Index: gcc/config/rs6000/rs6000.c
===================================================================
--- gcc/config/rs6000/rs6000.c (revision 217448)
+++ gcc/config/rs6000/rs6000.c (working copy)
@@ -2462,9 +2462,7 @@ rs6000_setup_reg_addr_masks (void)
/* Figure out if we can do PRE_INC, PRE_DEC, or PRE_MODIFY
addressing. Restrict addressing on SPE for 64-bit types
because of the SUBREG hackery used to address 64-bit floats in
- '32-bit' GPRs. To simplify secondary reload, don't allow
- update forms on scalar floating point types that can go in the
- upper registers. */
+ '32-bit' GPRs. */
if (TARGET_UPDATE
&& (rc == RELOAD_REG_GPR || rc == RELOAD_REG_FPR)
@@ -2472,8 +2470,7 @@ rs6000_setup_reg_addr_masks (void)
&& !VECTOR_MODE_P (m2)
&& !COMPLEX_MODE_P (m2)
&& !indexed_only_p
- && !(TARGET_E500_DOUBLE && GET_MODE_SIZE (m2) == 8)

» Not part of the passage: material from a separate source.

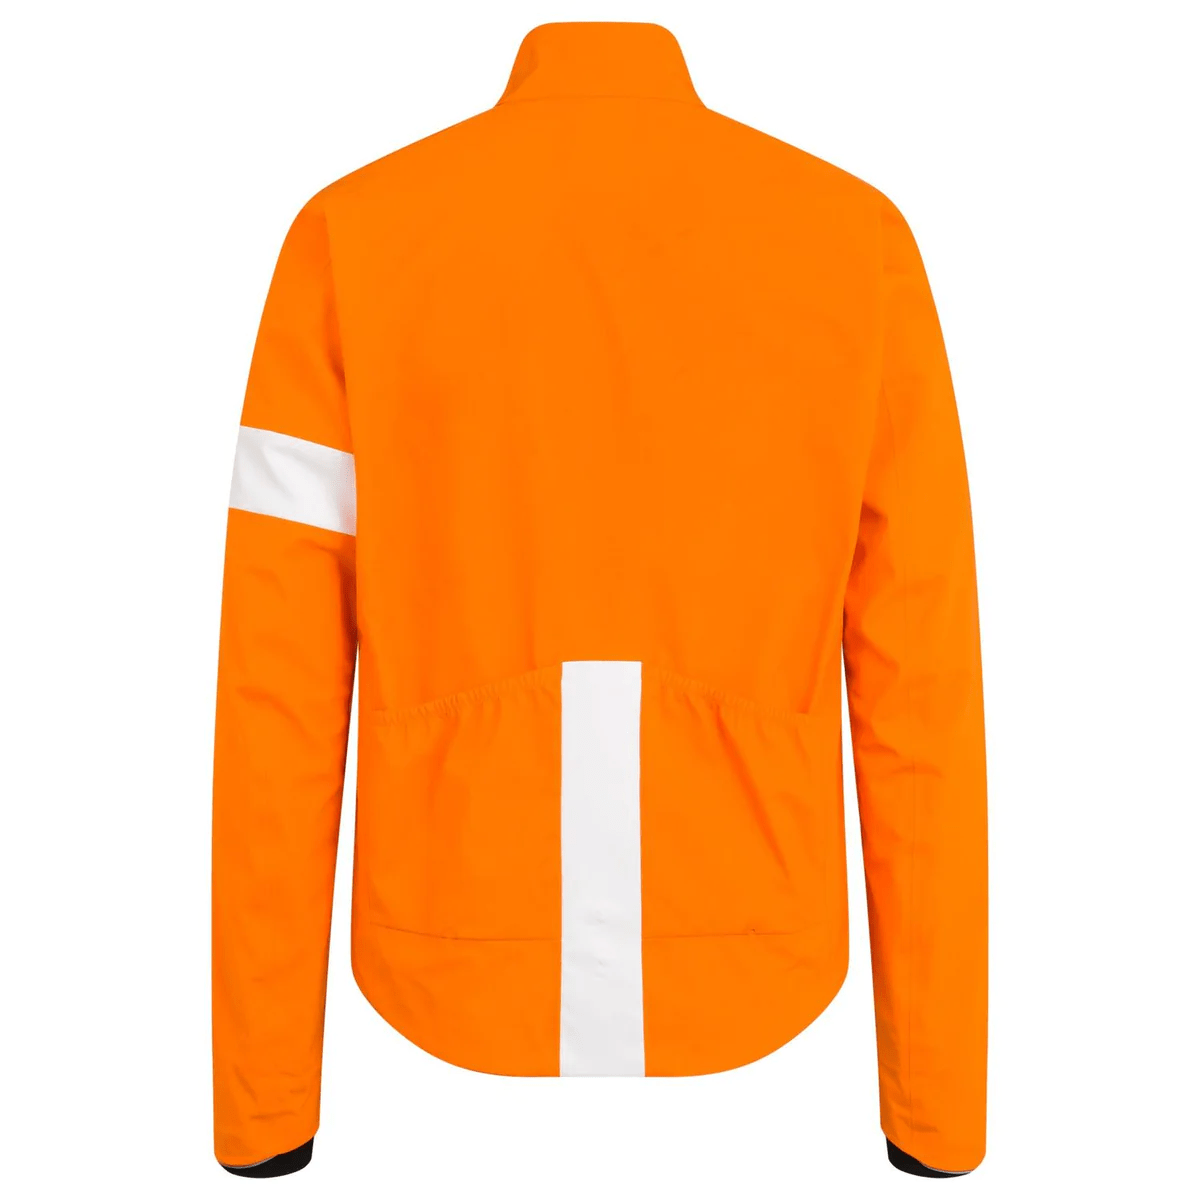 Rapha Men's Classic Winter Jacket Bright Orange Small Apparel - Clothing - Men's Jackets - Road

- && !reg_addr[m2].scalar_in_vmx_p)
+ && !(TARGET_E500_DOUBLE && GET_MODE_SIZE (m2) == 8))
{
addr_mask |= RELOAD_REG_PRE_INCDEC;
@@ -3509,6 +3506,40 @@ rs6000_option_override_internal (bool gl
rs6000_isa_flags &= ~OPTION_MASK_DFP;
}
+ /* Allow an explicit -mupper-regs to set both -mupper-regs-df and
+ -mupper-regs-sf, depending on the cpu, unless the user explicitly also set
+ the individual option. */
+ if (TARGET_UPPER_REGS > 0)
+ {
+ if (TARGET_VSX
+ && !(rs6000_isa_flags_explicit & OPTION_MASK_UPPER_REGS_DF))
+ {
+ rs6000_isa_flags |= OPTION_MASK_UPPER_REGS_DF;
+ rs6000_isa_flags_explicit |= OPTION_MASK_UPPER_REGS_DF;
+ }
+ if (TARGET_P8_VECTOR
+ && !(rs6000_isa_flags_explicit & OPTION_MASK_UPPER_REGS_SF))
+ {
+ rs6000_isa_flags |= OPTION_MASK_UPPER_REGS_SF;
+ rs6000_isa_flags_explicit |= OPTION_MASK_UPPER_REGS_SF;
+ }
+ }
+ else if (TARGET_UPPER_REGS == 0)
+ {
+ if (TARGET_VSX
+ && !(rs6000_isa_flags_explicit & OPTION_MASK_UPPER_REGS_DF))
+ {
+ rs6000_isa_flags &= ~OPTION_MASK_UPPER_REGS_DF;
+ rs6000_isa_flags_explicit |= OPTION_MASK_UPPER_REGS_DF;
+ }
+ if (TARGET_P8_VECTOR
+ && !(rs6000_isa_flags_explicit & OPTION_MASK_UPPER_REGS_SF))
+ {
+ rs6000_isa_flags &= ~OPTION_MASK_UPPER_REGS_SF;
+ rs6000_isa_flags_explicit |= OPTION_MASK_UPPER_REGS_SF;
+ }
+ }
+
if (TARGET_UPPER_REGS_DF && !TARGET_VSX)
{
if (rs6000_isa_flags_explicit & OPTION_MASK_UPPER_REGS_DF)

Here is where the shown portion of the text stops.